First, Binlogs are collected through Canal and written into Kafka through our self-developed data distribution system. It should be noted in advance that our distribution system needs to keep Binlogs in strict order at the table level. The reasons are detailed below. Then, data is written to Delta Lake in batches using Spark. Finally, we upgrade the data retrieval platform and use Spark SQL to retrieve data from Delta Lake.

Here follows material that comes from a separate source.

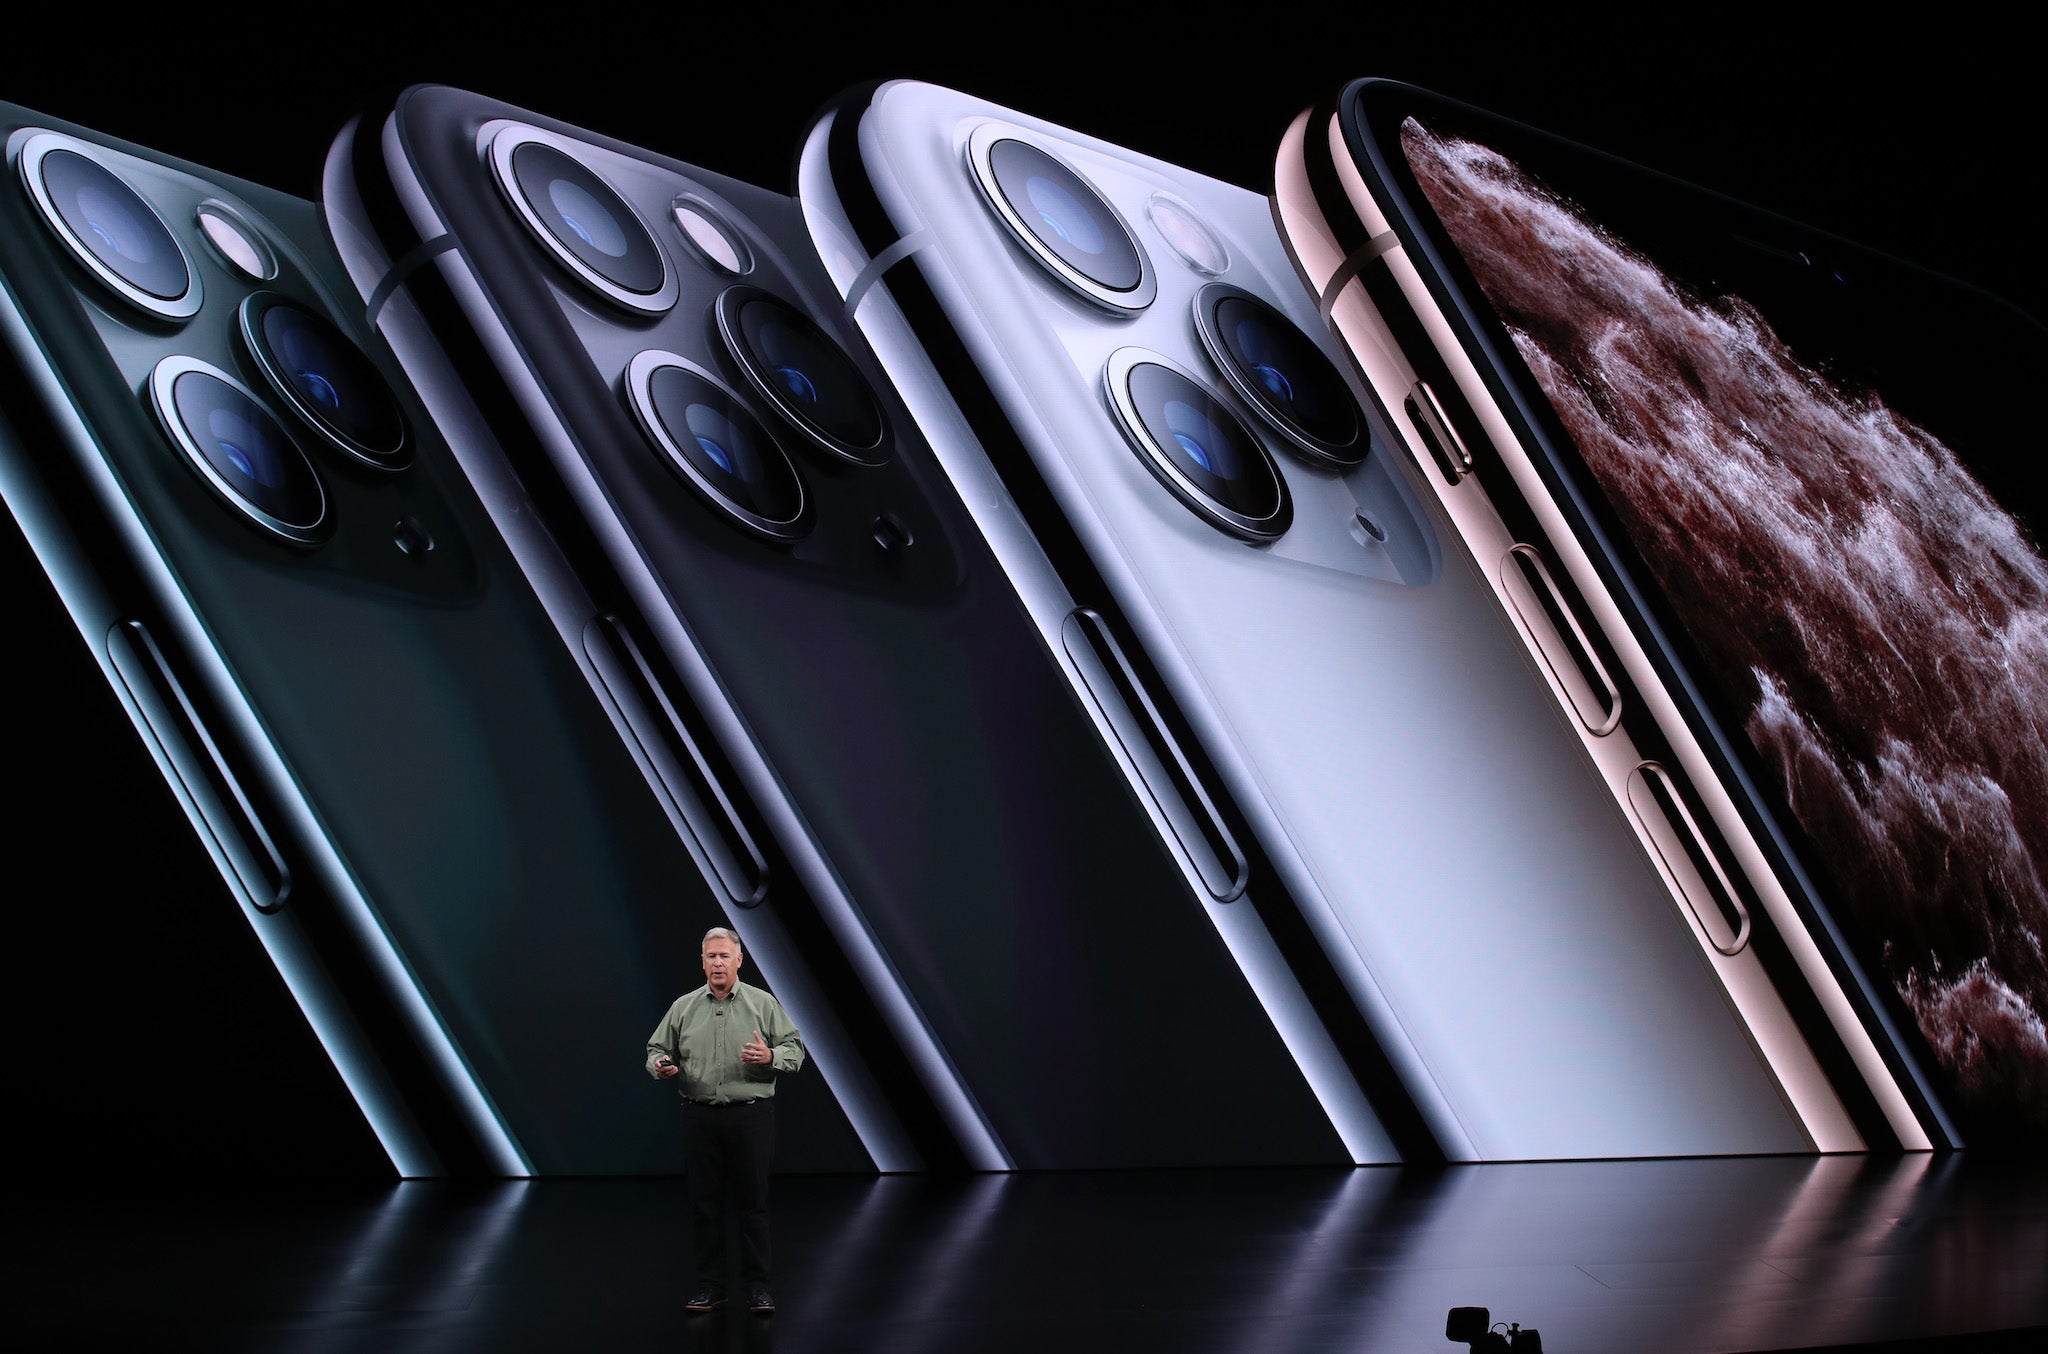 Apple's senior vice president of worldwide marketing Phil Schiller talks about the new iPhone 11 Pro during a special event on September 10, 2019 in the Steve Jobs Theater on Apple's Cupertino, California campus

We need to deal with the following key technical points in the process of using Delta Lake:

Streaming Data Converted to Batch Data

In business scenarios, ETL tasks for the offline data warehouse are triggered based on the readiness of data table partitioning. For example, tasks on December 31, 2021, may be triggered only after the readiness of data table partitioning on December 30, 2021. This scenario can be easily supported on the Hive system because Hive naturally supports partitioning by date fields (such as dt). However, data writes are streaming writes for Delta Lake. Therefore, you need to convert streaming data to batch data. After the data is completely ready on a certain day, you can provide the read capability of the corresponding daily partition.

How Can We Define When Data Is Completely Ready？

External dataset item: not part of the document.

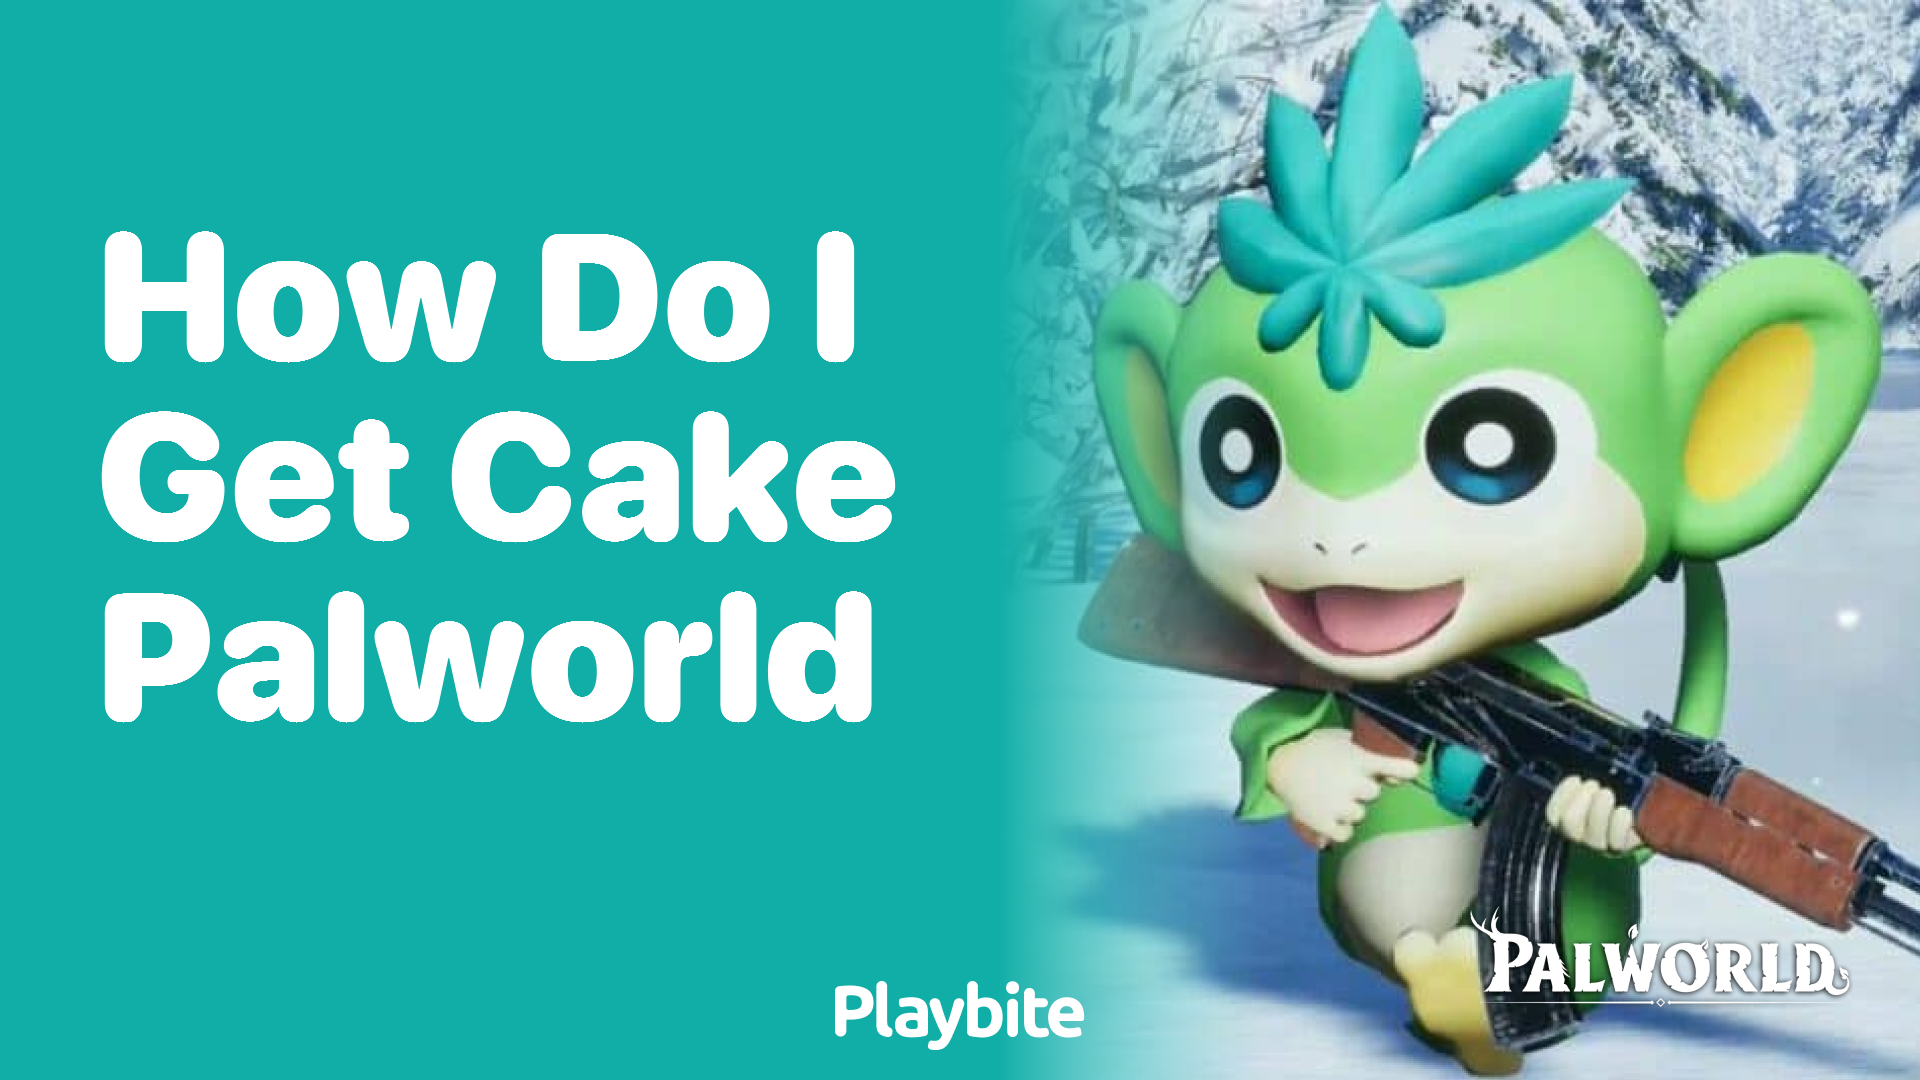 How do I get cake in Palworld?

Streaming data is generally out of order. Therefore, even if the watermark mechanism is used, it can only ensure that the data is ordered within a certain time. However, the data for offline data warehouses need to be reliable without any loss. If we can solve the problem of the orderliness of data sources, the solution to the problem of data readiness will be simplified. If the data is partitioned each day, data on December 30 can be considered ready when data on December 31 appears.

Therefore, our solution is broken down into two sub-issues:

Define batch data boundaries after stream data is ordered.
A mechanism is used to ensure orderly streaming data.

First of all, the overall plan for the first sub-issue is shown below:

Set the logical partition field (dt) of data tables and the corresponding time unit information

After Spark reads a piece of batch data, it uses the event time in the data to generate the corresponding dt value based on the metadata of the preceding table. For example, if values of event time in the data stream belong to T+1, it triggers the generation of a snapshot of data version T. When data is read, the system reads the corresponding data version information based on the snapshot.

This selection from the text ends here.